Confessions of a girl who has looked back, many a time x

I, yet again, have
a confession to make: I am a girl, who despite all of her vast amounts of
self-control in other aspects of her life, cannot help but look back at what
has come and gone, many a time. This is a confession I am making, with my head
slightly bowed down in shame, because with all of me, I just can’t seem to
figure out a way to walk away from something that I know no longer serves any
vital purpose in my life without slightly fearing the empty space that it may
leave behind.
From bad
relationships, to bad habits in general, there is always an innate tendency
within me to wander if I have made the right decision. I would like to
categorise it as ‘New Age FOMO’ (I wrote about that a while ago), however it
doesn’t quite fit all of the requirements, because there has to be some
pleasant event that you fear missing out on. And most of the time, anything and
everything that I have made a conscious decision to walk away from, was nothing
for me to miss at all. If anything, I would categorise this strange and
unexplainable feeling as, ‘New Age Nostalgia’, which I would define as: the
nagging feeling that maybe, just maybe, the one thing that was holding you
back, is the same thing that you really want to hold on to.
I remember a while
ago, I was chatting to a new friend Elena, who recently moved from Spain to
South Africa. While I was eagerly listening to her story, I had to ask her a
question that I just needed to know the answer to, which was: ‘But don’t you
miss home?’. Since I was a little girl, I’ve always missed my family or my own
bed if I’ve been away for too long, and even though I have this innate desire
to travel beyond where I’ve been, I sometimes fear that I won’t be able to go
back to my comfort zone. Elena then said something that was probably really
simple to her, but quite monumental to me, which was the fact that she
naturally missed home, but if she constantly looked back, she wouldn’t ever
have the ability to move forward.
That’s the thing
with letting go of anything, good or bad, and pursuing something different.

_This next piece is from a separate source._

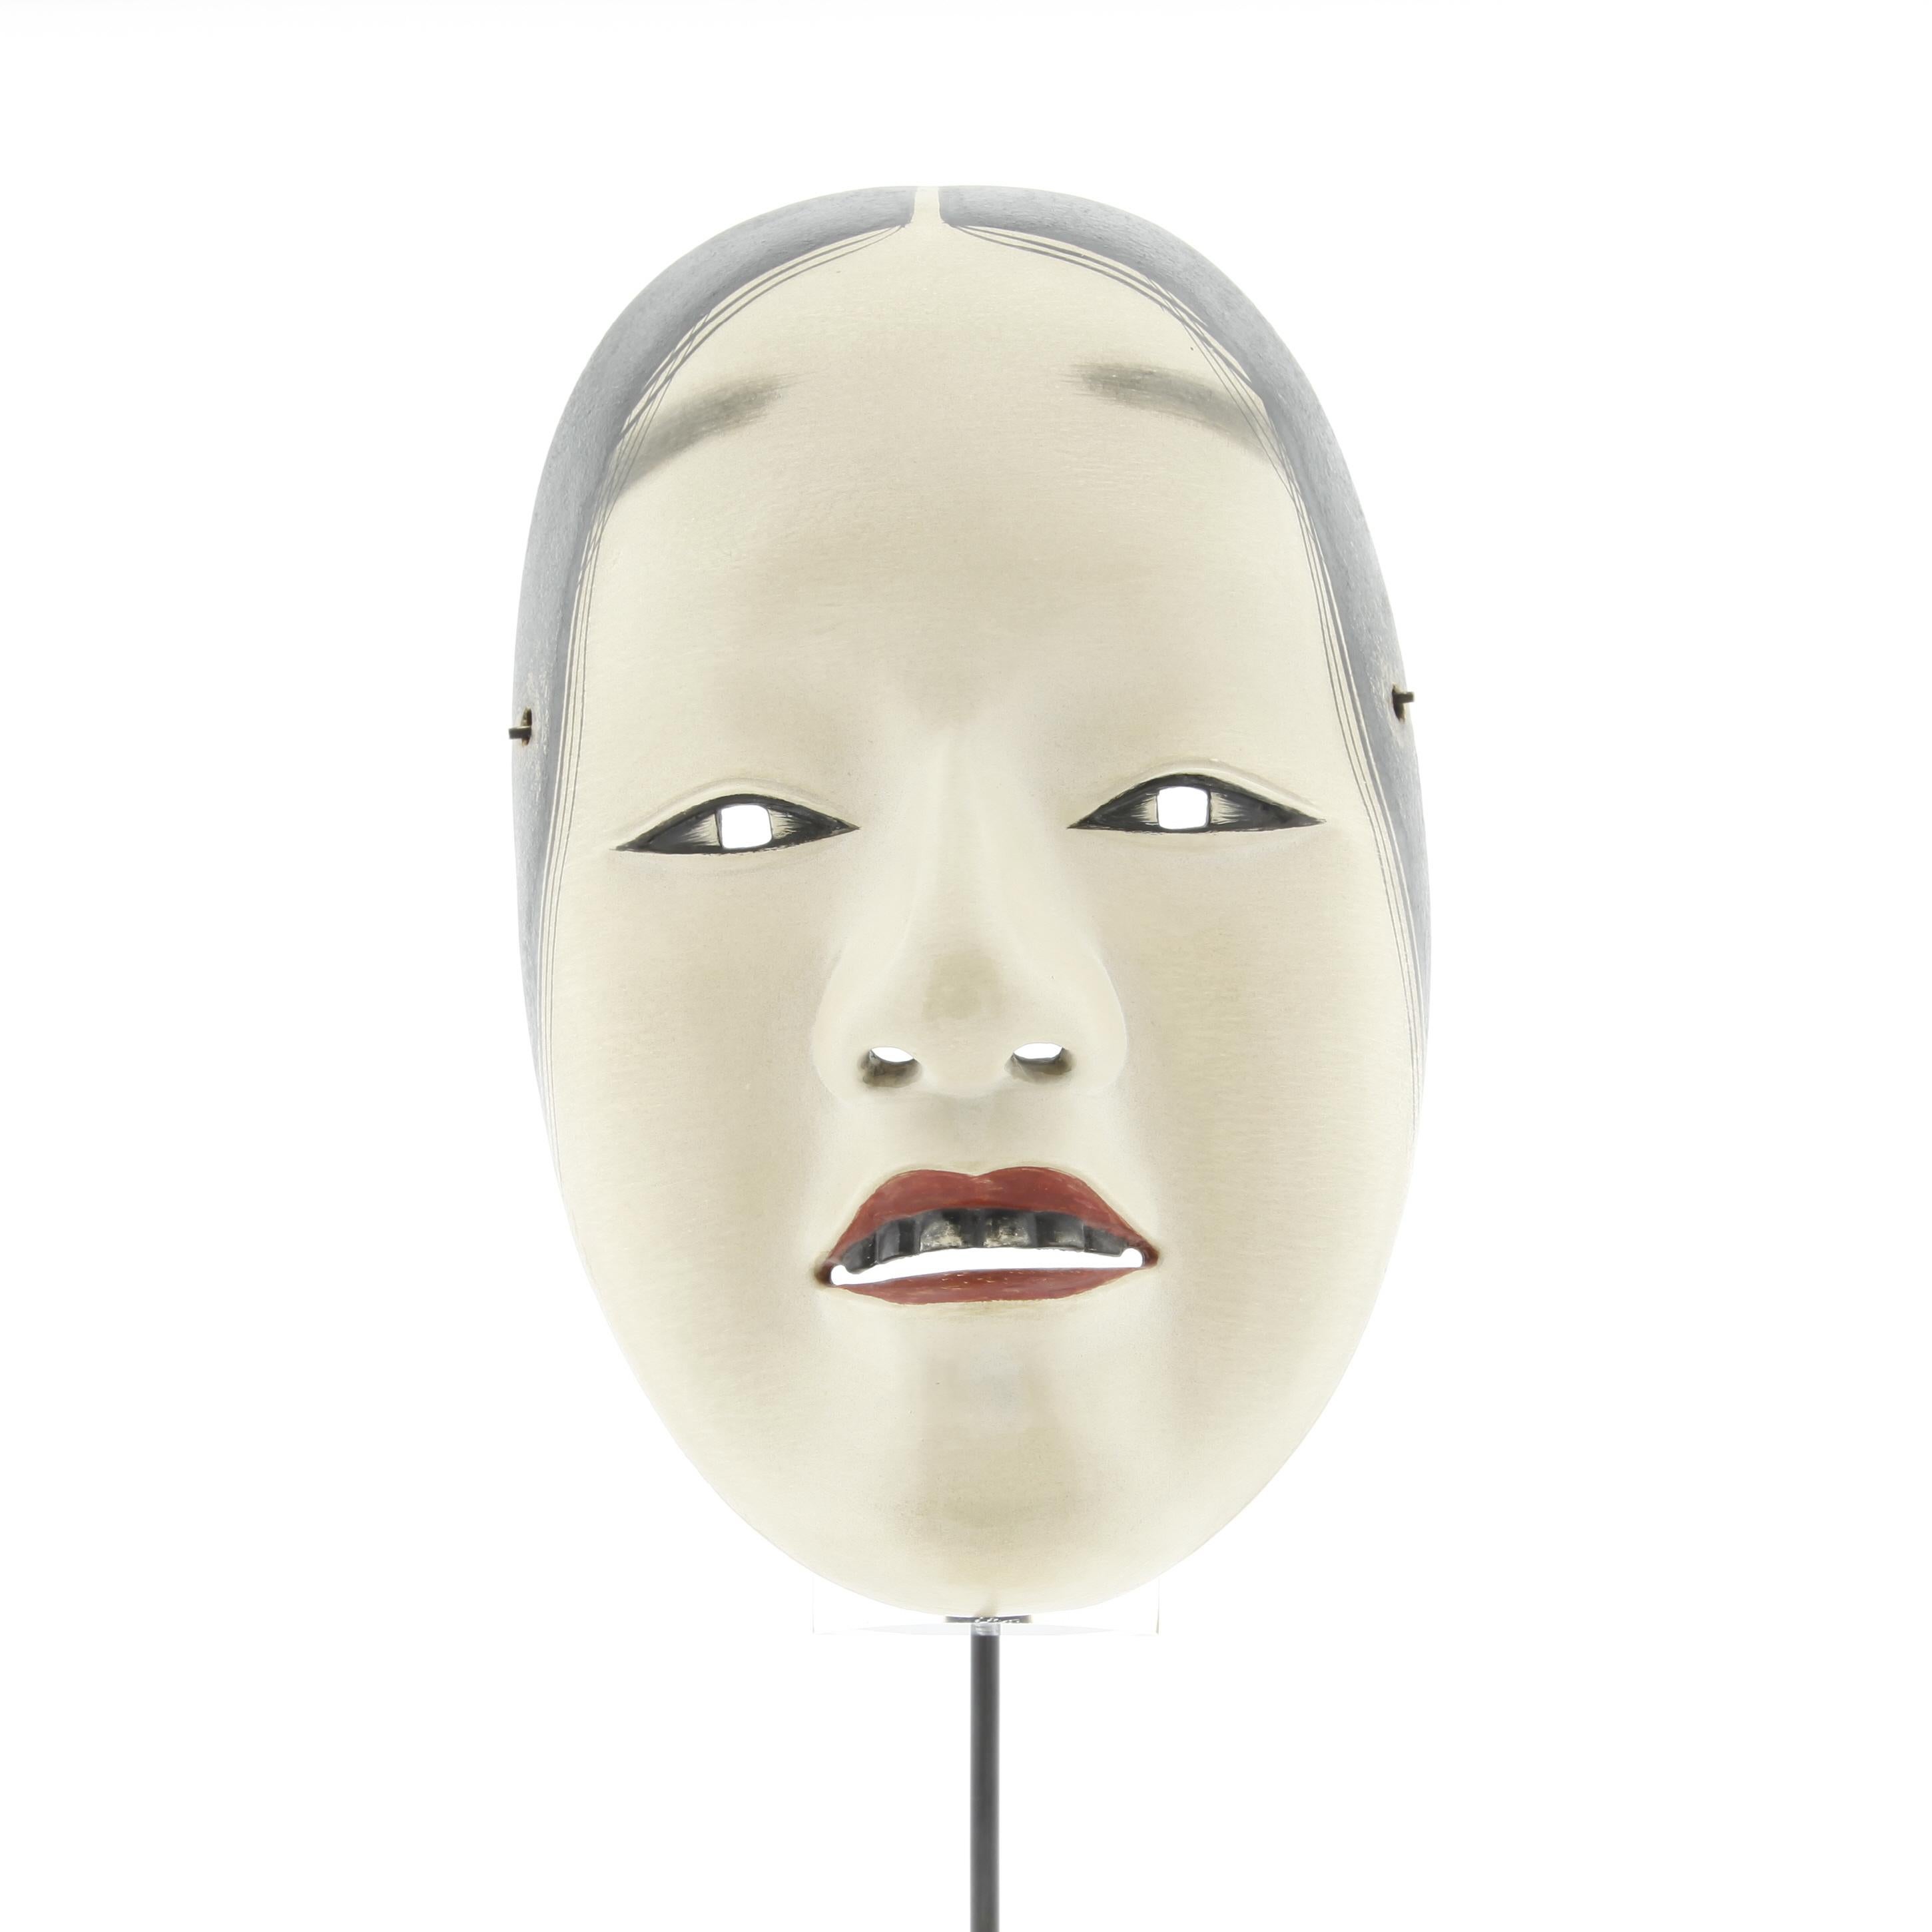 Noh Mask of a Young Girl, Japanese Classical Theatre, 20th Century, Woodcraft - Mixed Media Art by Unknown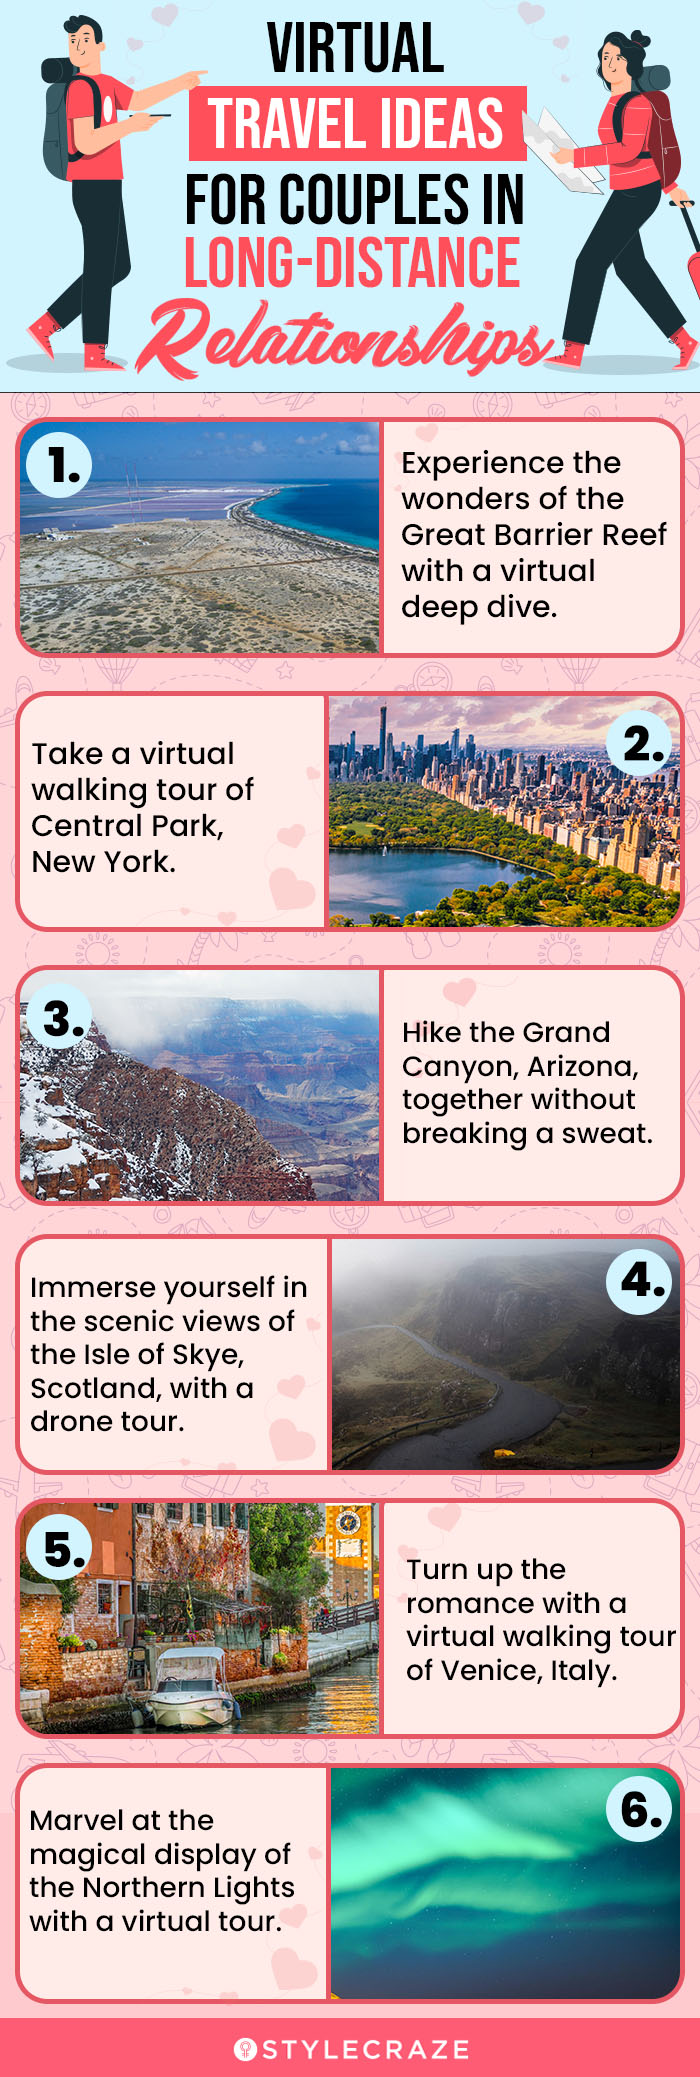 virtual travel ideas for couples in long distance relationships (infographic)

There’s always that fear within us that we will never find something that was
equally as good, or exciting as what we left behind. Even if that very thing
that we have chosen to walk away from was never good to us, or for us, the
struggle is still the same. And if anyone out there is as indecisive as me (I
can easily spend 10 minutes in a shop weighing pros and cons before choosing
the best chocolate or all three options), they can relate to the notion that
sometimes, it’s the fear of losing something good or at least missing it, that
can hold us back or keep us in the same place for too long.
But
if there was ever a good enough reason to look back at what has been, it would
be this: looking back in hindsight, the dots that I didn’t see before have connected
with each other so gracefully, revealing a picture that was drawn by God to
show me what He always wanted to show me in my life. Ironically, the doors that
I was always afraid to close, left me feeling like I had lost something
important, which gave me the courage to carry on and find my place where I am
now.
Looking
back (pardon the pun, and irony for that matter), I see how much I’ve grown.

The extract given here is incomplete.